Now on to the real problem. The level curves (or contour curves) for this surface are given by the equation are found by substituting \(z = k\). In the case of our example this is,

\[k = \sqrt {{x^2} + {y^2}} \hspace{0.25in}\hspace{0.25in} \Rightarrow \hspace{0.25in}\hspace{0.25in}{x^2} + {y^2} = {k^2}\]

where \(k\) is any number. So, in this case, the level curves are circles of radius \(k\) with center at the origin.

We can graph these in one of two ways. We can either graph them on the surface itself or we can graph them in a two dimensional axis system. Here is each graph for some values of \(k\).

This is a graph with the standard 3D coordinate system.  The positive z-axis is straight up, the positive x-axis moves off to the left and slightly downward and positive y-axis move off the right and slightly downward.  This is a cone centered on the z-axis and opening upwards.  On the cone surface there are series of circles at z=1, z=2, z=3, z=4 and z=5. This is a boxed 3D coordinate system.  The z-axis is right vertical edge of the box, the x-axis is the top back edge of the box and the y-axis is the bottom left edge of the box.  This is a cone parallel to the z-axis and opening upwards.  On the cone surface there are a series of circles at z=1, z=2, z=3, z=4 and z=5.
This is a series of circles centred at the origin with radius 1, 2, 3, 4, and 5.

Note that we can think of contours in terms of the intersection of the surface that is given by \(z = f\left( {x,y} \right)\) and the plane \(z = k\). The contour will represent the intersection of the surface and the plane.

For functions of the form \(f\left( {x,y,z} \right)\) we will occasionally look at level surfaces. The equations of level surfaces are given by \(f\left( {x,y,z} \right) = k\) where \(k\) is any number.

The final topic in this section is that of traces. In some ways these are similar to contours. As noted above we can think of contours as the intersection of the surface given by \(z = f\left( {x,y} \right)\) and the plane \(z = k\). Traces of surfaces are curves that represent the intersection of the surface and the plane given by \(x = a\) or \(y = b\).

Let’s take a quick look at an example of traces.

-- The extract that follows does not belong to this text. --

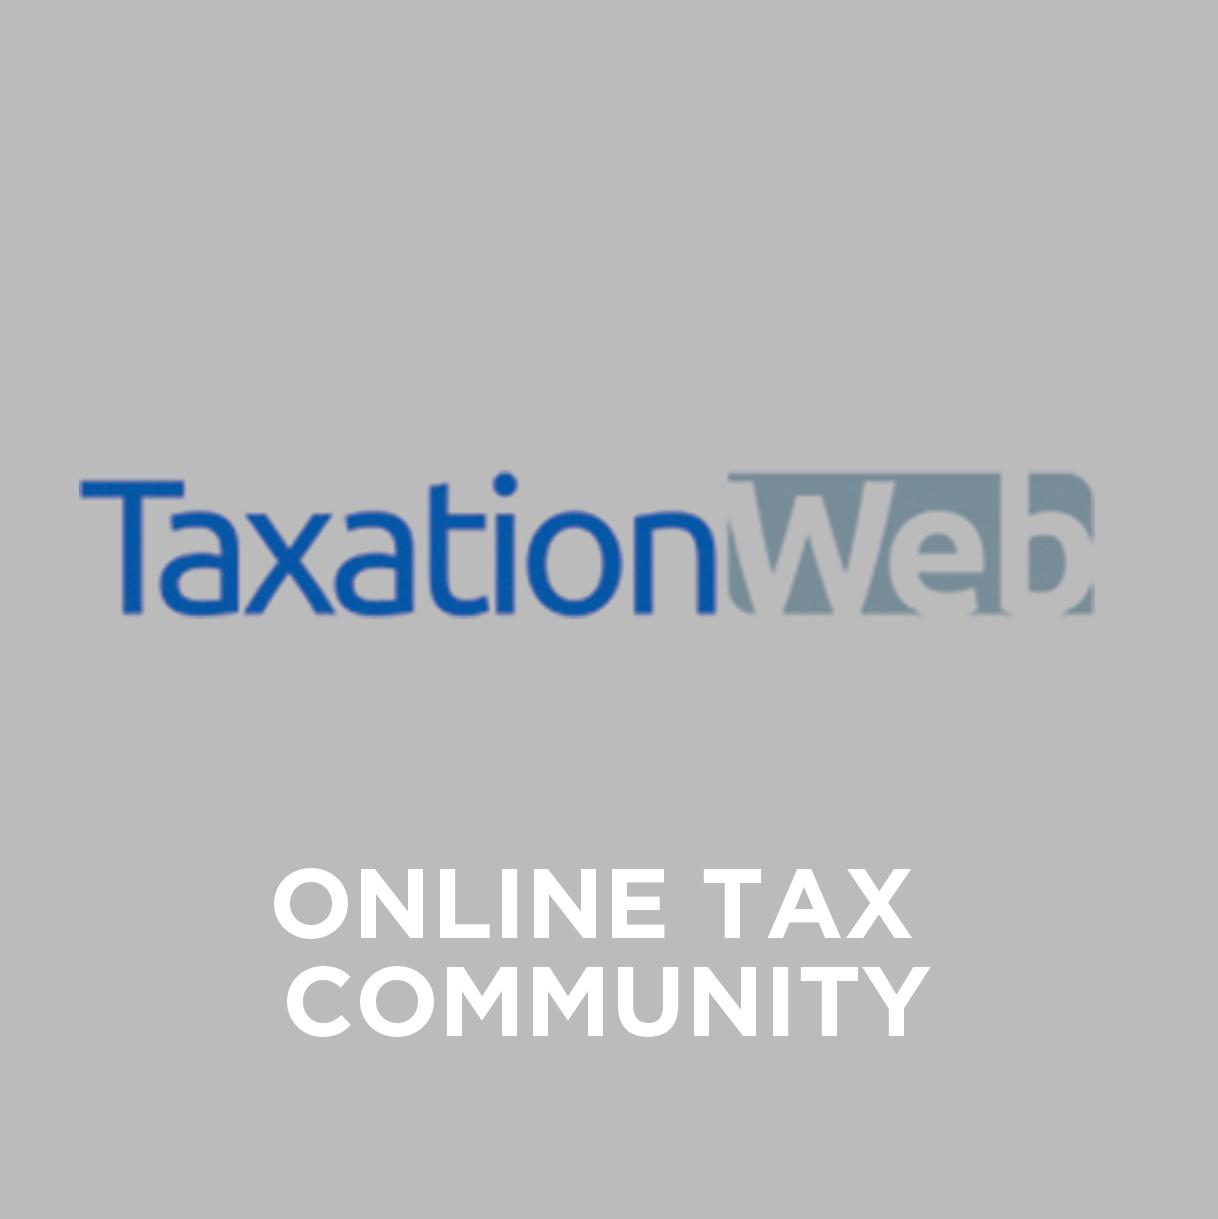 taxation-web

Example 4 Sketch the traces of \(f\left( {x,y} \right) = 10 - 4{x^2} - {y^2}\) for the plane \(x = 1\) and \(y = 2\).
Show Solution

We’ll start with \(x = 1\). We can get an equation for the trace by plugging \(x = 1\) into the equation. Doing this gives,

\[z = f\left( {1,y} \right) = 10 - 4{\left( 1 \right)^2} - {y^2}\hspace{0.25in}\,\,\,\, \Rightarrow \hspace{0.25in}\,\,\,z = 6 - {y^2}\]

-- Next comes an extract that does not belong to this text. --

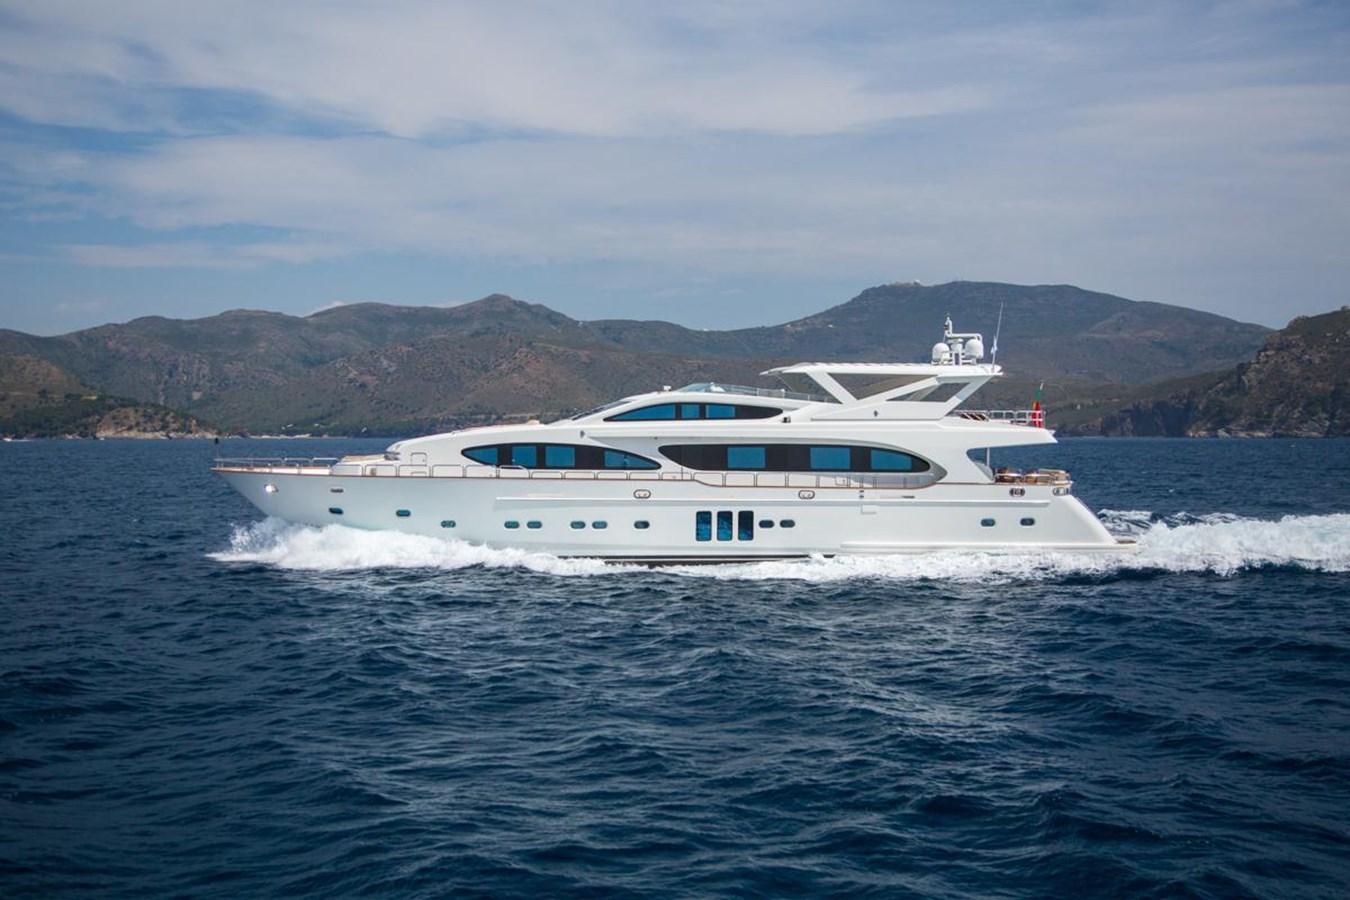 LA ROSA yacht for sale

and this will be graphed in the plane given by \(x = 1\).

Below are two graphs. The graph on the left is a graph showing the intersection of the surface and the plane given by \(x = 1\). On the right is a graph of the surface and the trace that we are after in this part.

This is a cup shaped object centered on the z-axis, starting at z=10 and opening downwards.  There is a plane parallel to the yz-plane that is cutting into the object at x=1. This is a cup shaped object centered on the z-axis, starting at z=10 and opening downwards.  There is a line on the object at x=1 that represents where the plane that is in the image to the left cuts into the object.

For \(y = 2\) we will do pretty much the same thing that we did with the first part. Here is the equation of the trace,

\[z = f\left( {x,2} \right) = 10 - 4{x^2} - {\left( 2 \right)^2}\hspace{0.25in}\,\,\,\, \Rightarrow \hspace{0.25in}\,\,\,z = 6 - 4{x^2}\]

and here are the sketches for this case.

This is a cup shaped object centered on the z-axis, starting at z=10 and opening downwards.  There is a plane parallel to the xz-plane that is cutting into the object at y=2. This is a cup shaped object centered on the z-axis, starting at z=10 and opening downwards.  There is a line on the object at y=2 that represents where the plane that is in the image to the left cuts into the object.